TASK DETAILS >> Return the listing below unchanged, except that the pictures are dropped.

MATERIAL PROVIDED >>
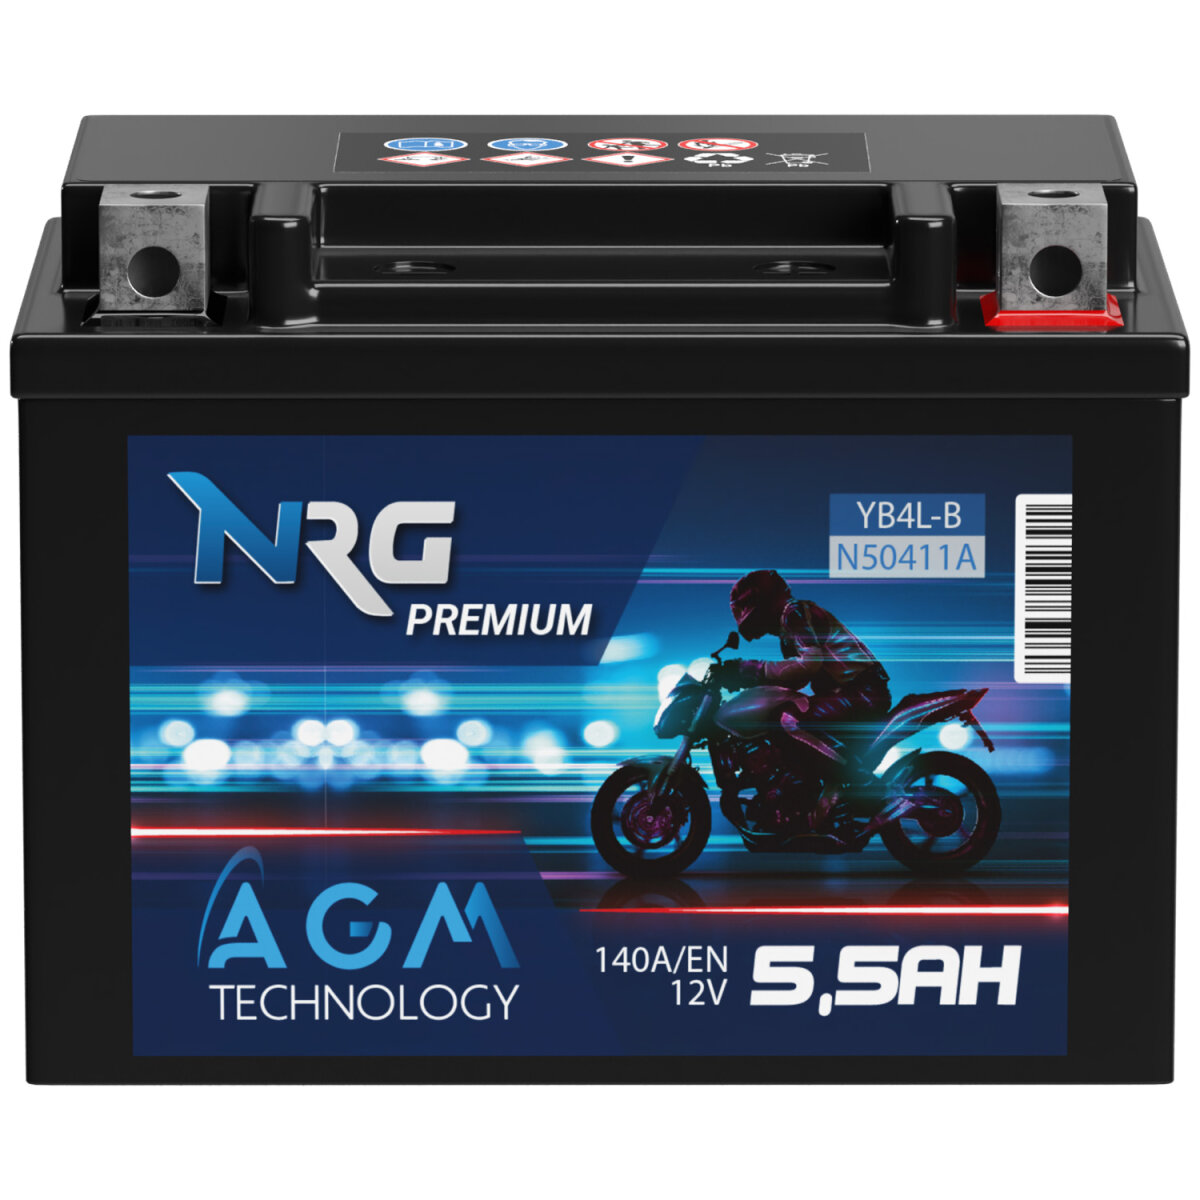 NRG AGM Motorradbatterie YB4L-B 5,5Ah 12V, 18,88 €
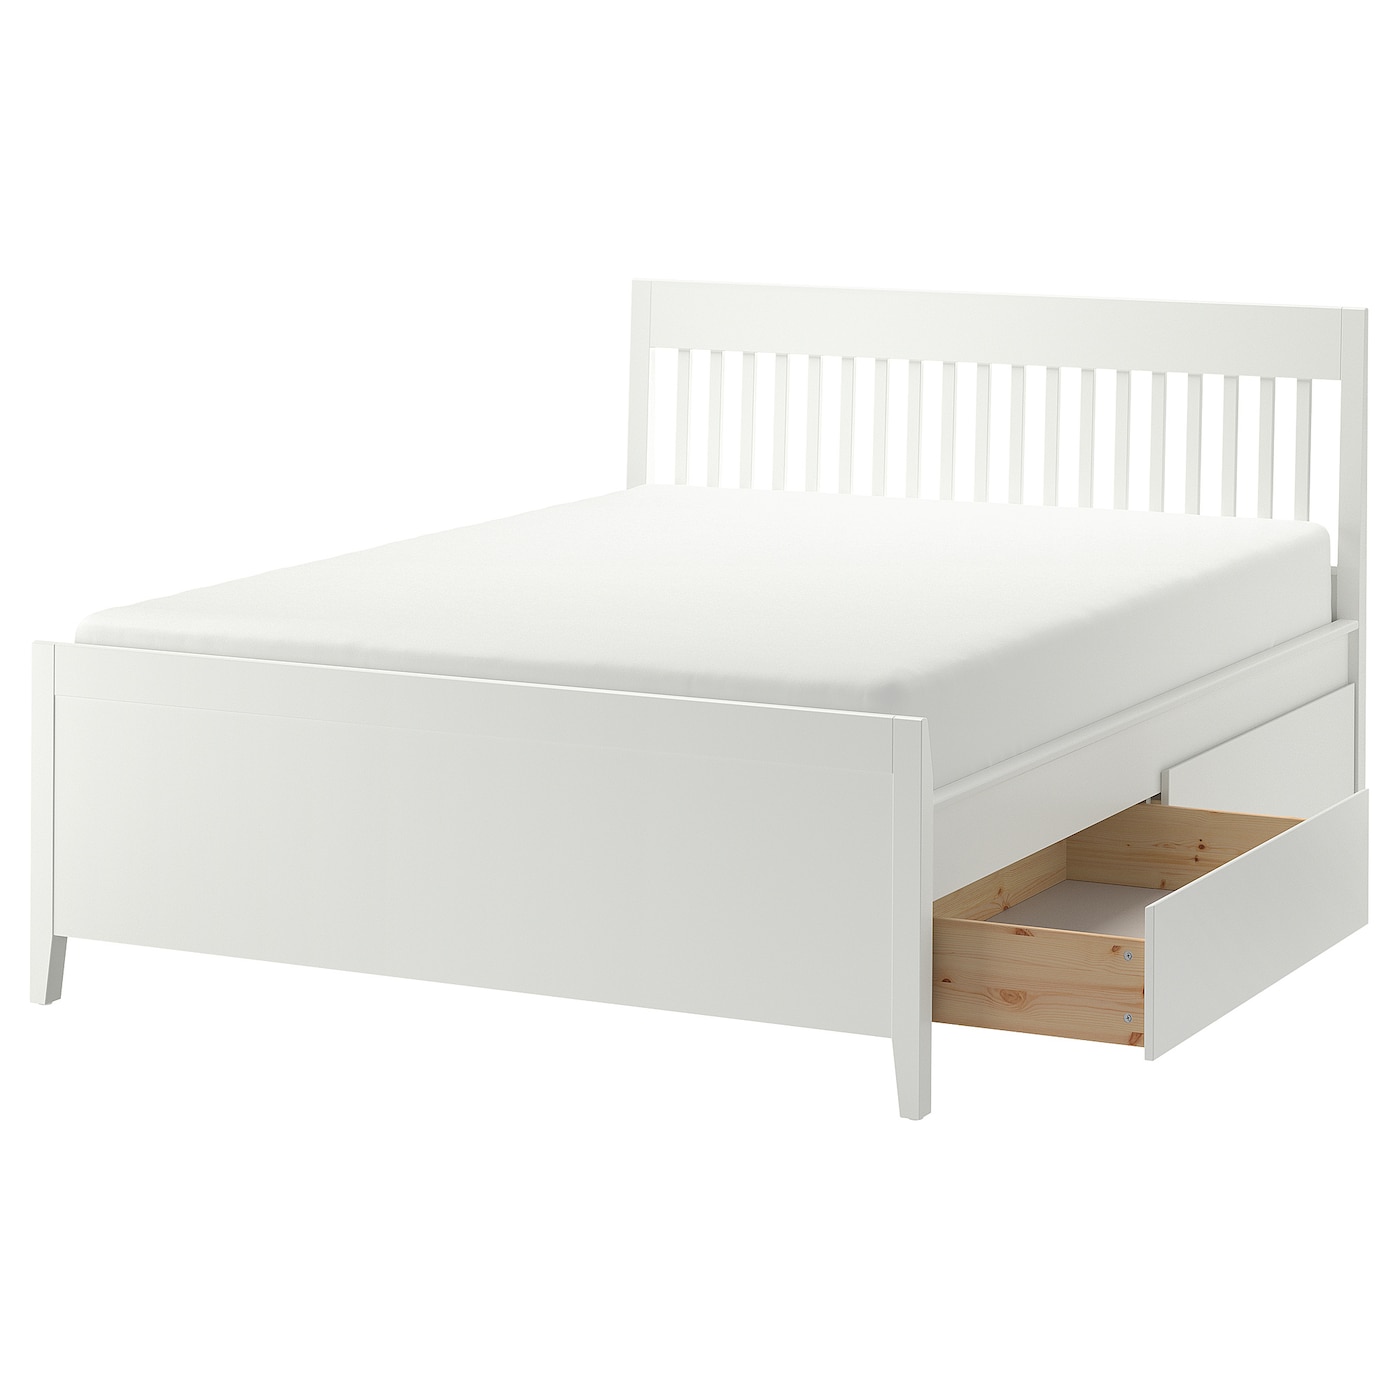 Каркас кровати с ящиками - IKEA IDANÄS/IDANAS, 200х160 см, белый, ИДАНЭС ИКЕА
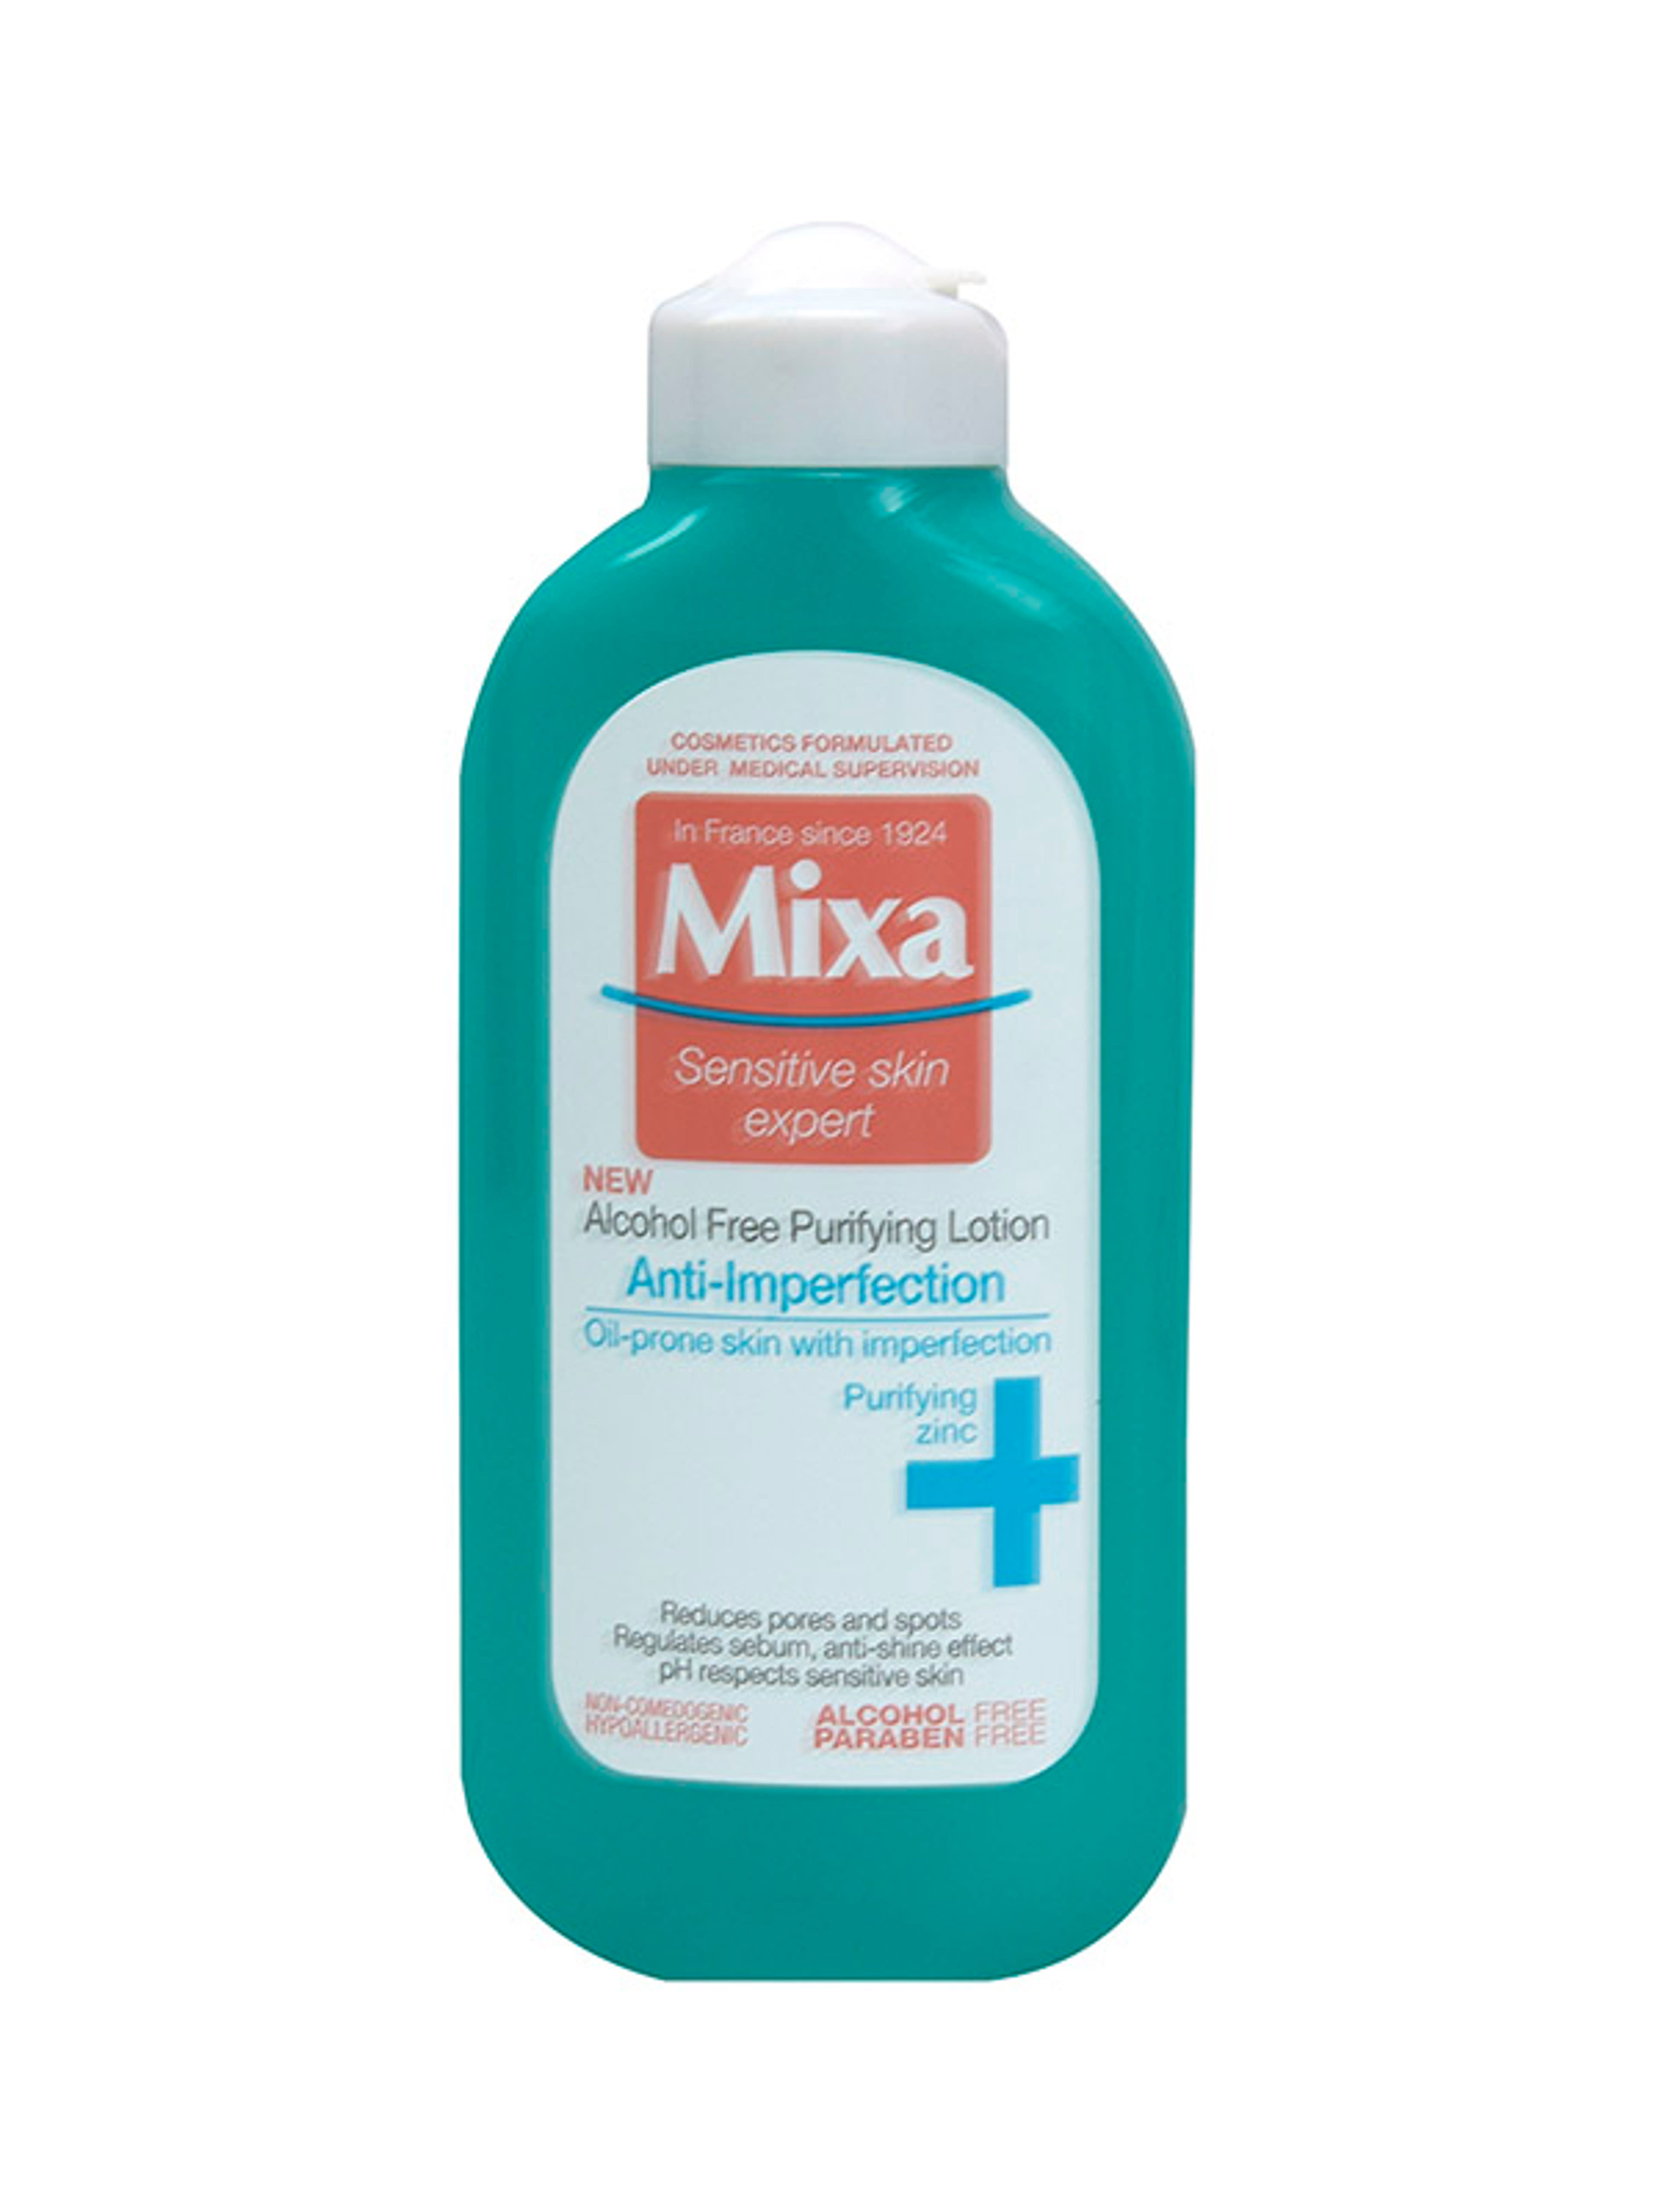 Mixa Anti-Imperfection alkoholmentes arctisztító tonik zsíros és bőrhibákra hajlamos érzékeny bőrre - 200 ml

WRITTEN ANSWER >>
 NRG AGM Motorradbatterie YB4L-B 5,5Ah 12V, 18,88 €
 Каркас кровати с ящиками - IKEA IDANÄS/IDANAS, 200х160 см, белый, ИДАНЭС ИКЕА
 Mixa Anti-Imperfection alkoholmentes arctisztító tonik zsíros és bőrhibákra hajlamos érzékeny bőrre - 200 ml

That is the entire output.